Daniel E. Russ1,*, Ryan B. Patterson-Cross2,*, Li Li2, Stephanie C. Koch3, Kaya J.E. Matson2, Ariel J. Levine2,#
1 Division of Cancer Epidemiology and Genetics, Data Science Research Group, National Cancer Institute, NIH, Rockville, MD, USA
2 Spinal Circuits and Plasticity Unit, National Institute of Neurological Disorders and Stroke, NIH, Bethesda, MD, USA
3 Department of Neuroscience, Physiology and Pharmacology, Division of Biosciences, University College of London, London, UK
* Equal Contribution
# Corresponding Author
Single cell sequencing is transforming many fields of science but the vast amount of data it creates has the potential to both illuminate and obscure underlying biology.
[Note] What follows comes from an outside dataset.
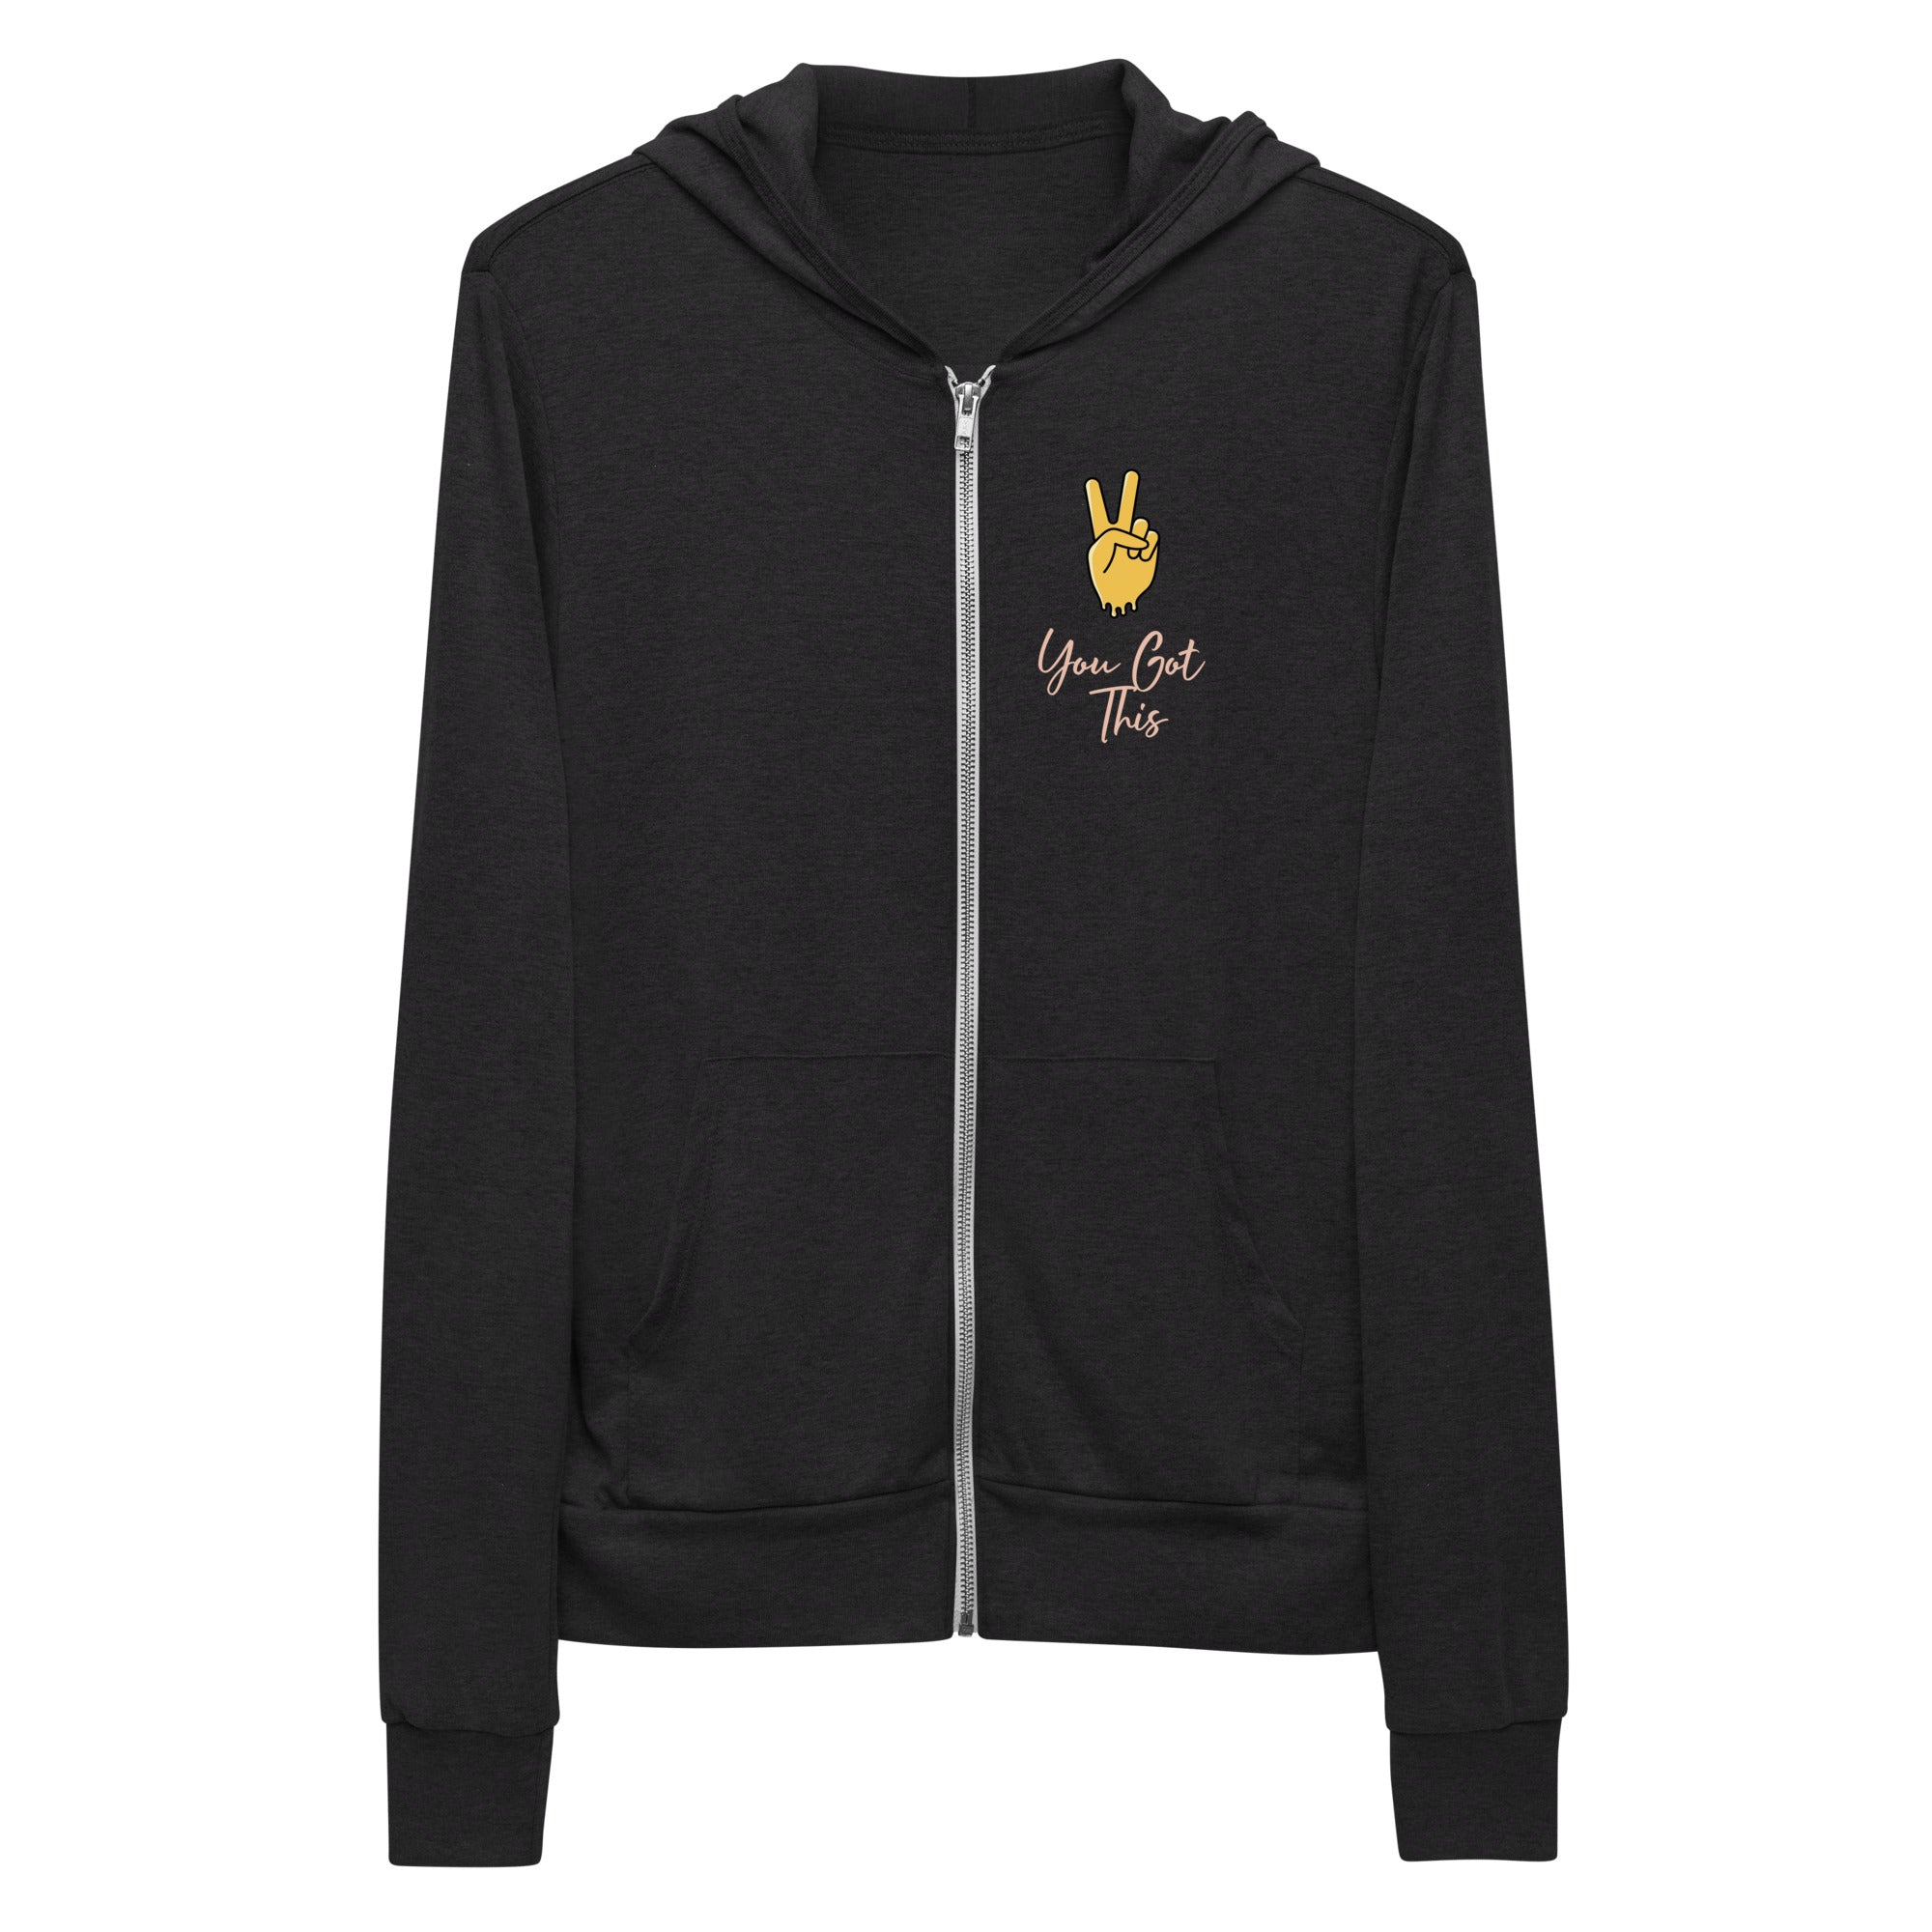 You Got This, Unisex light zip hoodie | Positive Affirmation Clothing

To harness the exciting potential of single cell data for the study of the mouse spinal cord, we have created a harmonized atlas of spinal cord transcriptomic cell types that unifies six independent and disparate studies into one common analysis. With the power of this large and diverse dataset, we reveal spinal cord cell type organization, validate a combinatorial set of markers for in-tissue spatial gene expression analysis, and optimize the computational classification of spinal cord cell types based on transcriptomic data. This work provides a comprehensive resource with unprecedented resolution of spinal cord cell types and charts a path forward for how to utilize transcriptomic data to expand our knowledge of spinal cord biology.